Wednesday, October 24, 2012

Day 130 - coming right up! chemo

Today was a very nice day. Stefan stopped in this morning on his way to lecture and we chatted for a while. He became the second person in less than a week to ask to hear "my story." It's funny how these things work. I haven't told it in ages, then all of a sudden, twice in one week. Hopefully, I told the same story both times!

Later in the day, Tommie came to visit and we chatted, ate lunch and went for a 2 mile walk. This makes three days in a row. I did get quite short of breath on this walk too, but I bet when I'm not anemic, I'll be able to walk and talk at the same time.

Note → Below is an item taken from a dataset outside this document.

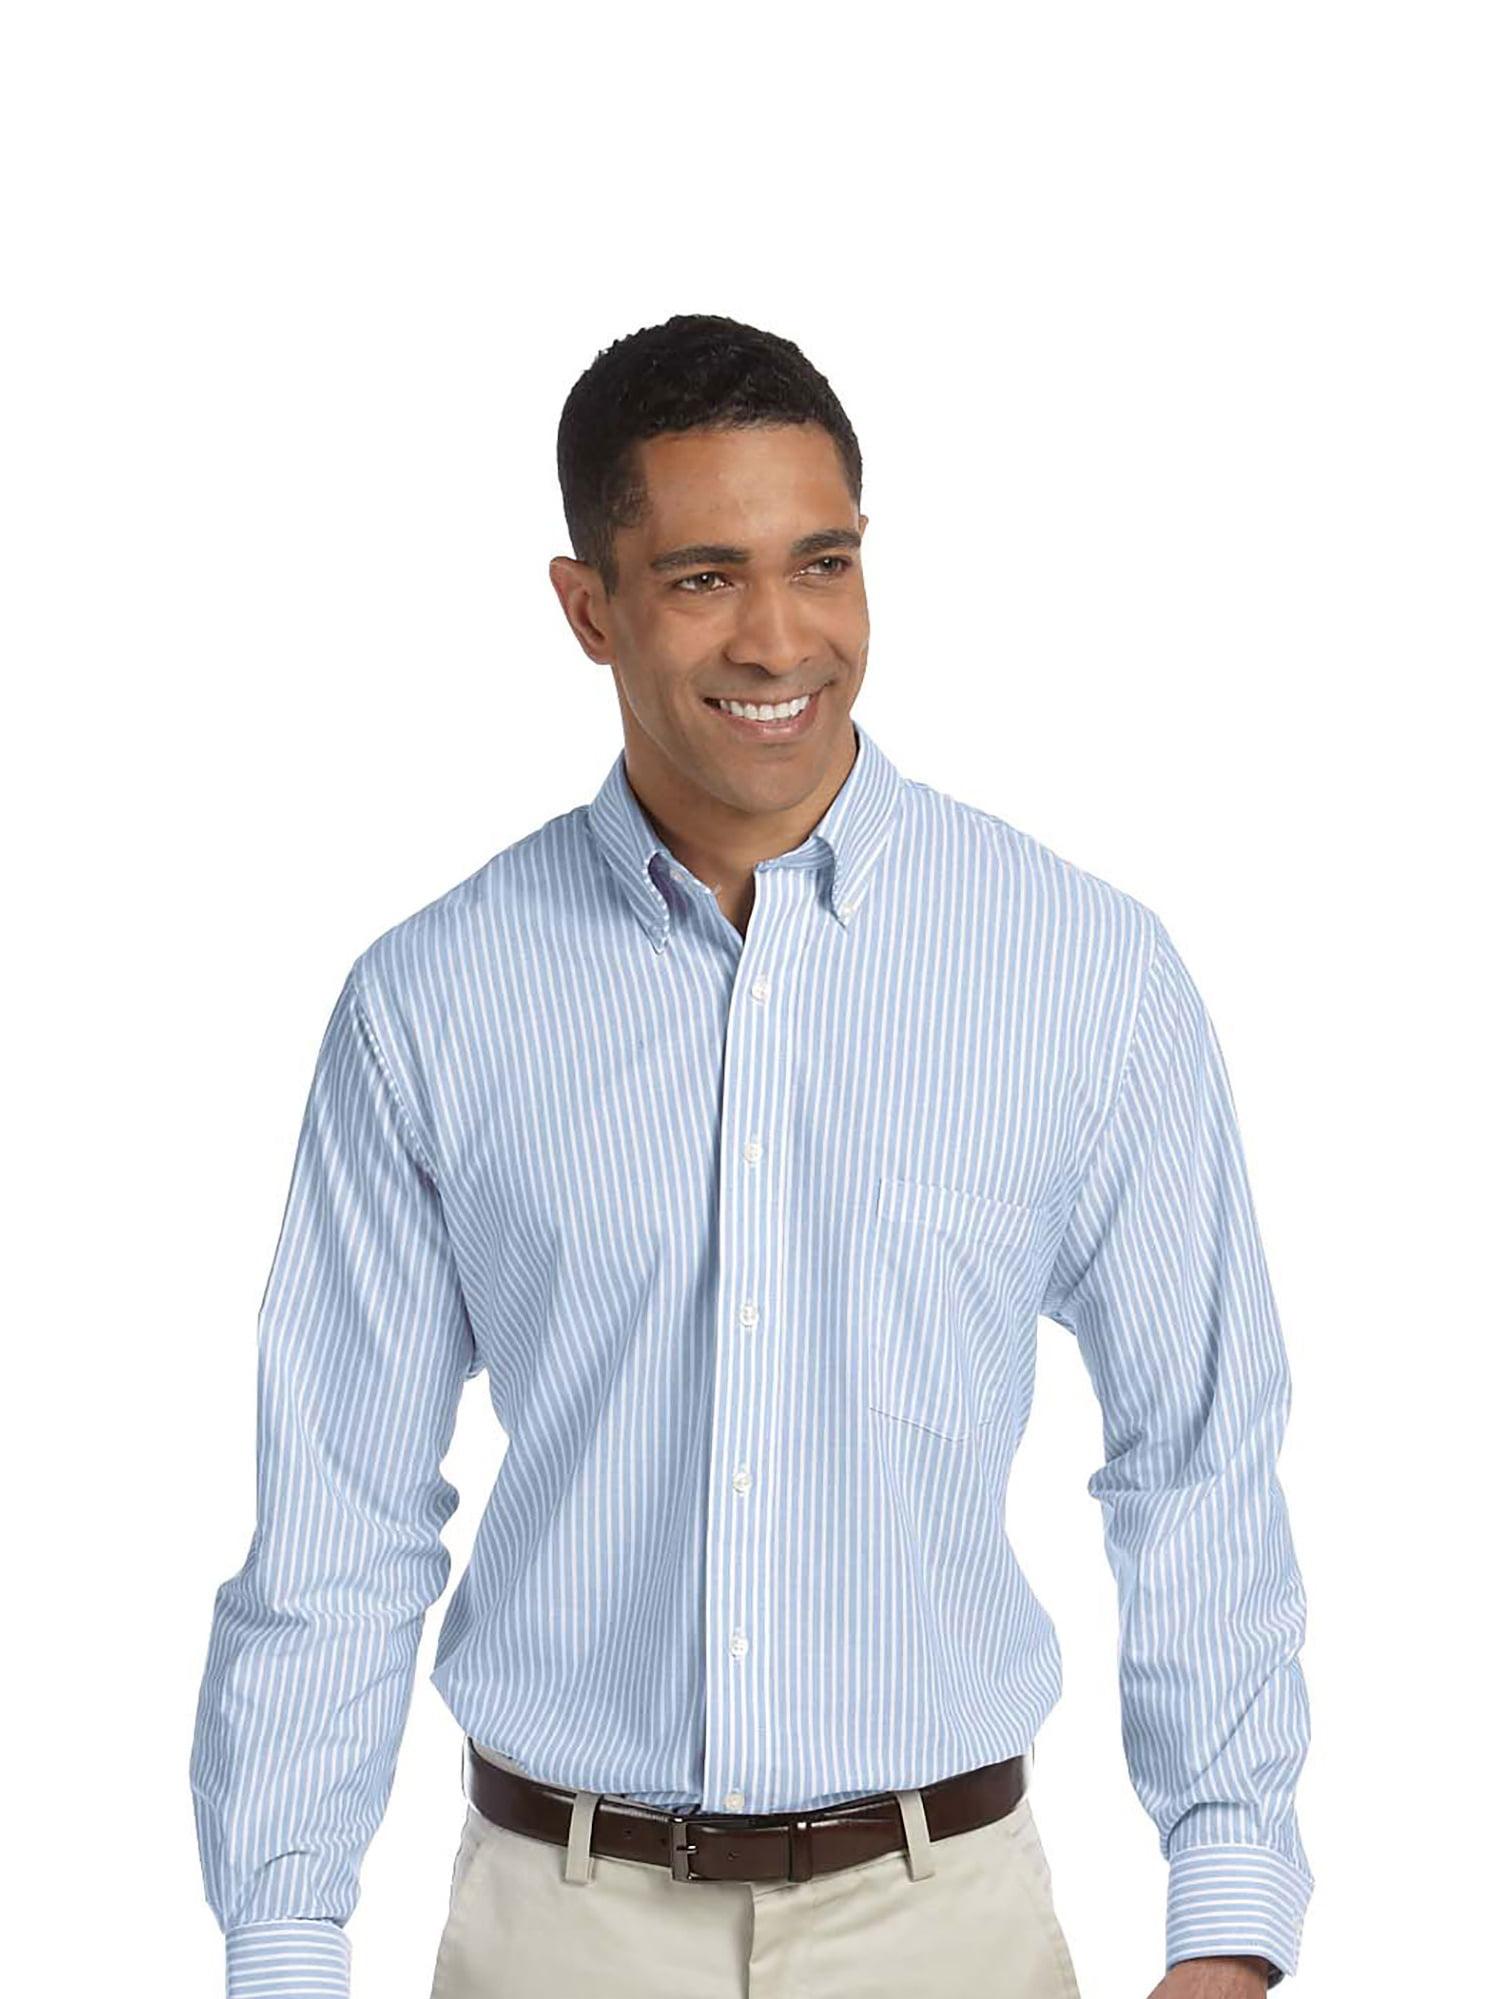 Shirt boys size 6 new dress white 60/% cotton 40/% polyester Van Heusen pocket

I haven't brought you up to date on the best articles in the latest journals in a while so let me do that now. The Oct 24/31 JAMA had only one article I liked much. It was the "Piece of my mind" by an oncologist who had prostate cancer and who wrote about "Cancer Survivorship and Beyond." It is kind of interesting, I think until near the end when it really picks up steam and he writes "A cancer diagnosis is obviously unwelcome. There is no minimizing the sense of threat, and clearly one wants to survive. But by moving beyond the focused identity of cancer survivor, one opens oneself to fellowship with all in the grip of life's fragility." I thought that paragraph was really lovely and kind of captures what I don't like so much about "cancer survivor": it makes it seem like the life threatening experience of cancer is a special club that people who have other life threatening diseases or just the life threatening condition of being alive can't ever aspire to. Except he said it better. There were a bunch of articles, but none of them was really very interesting to me.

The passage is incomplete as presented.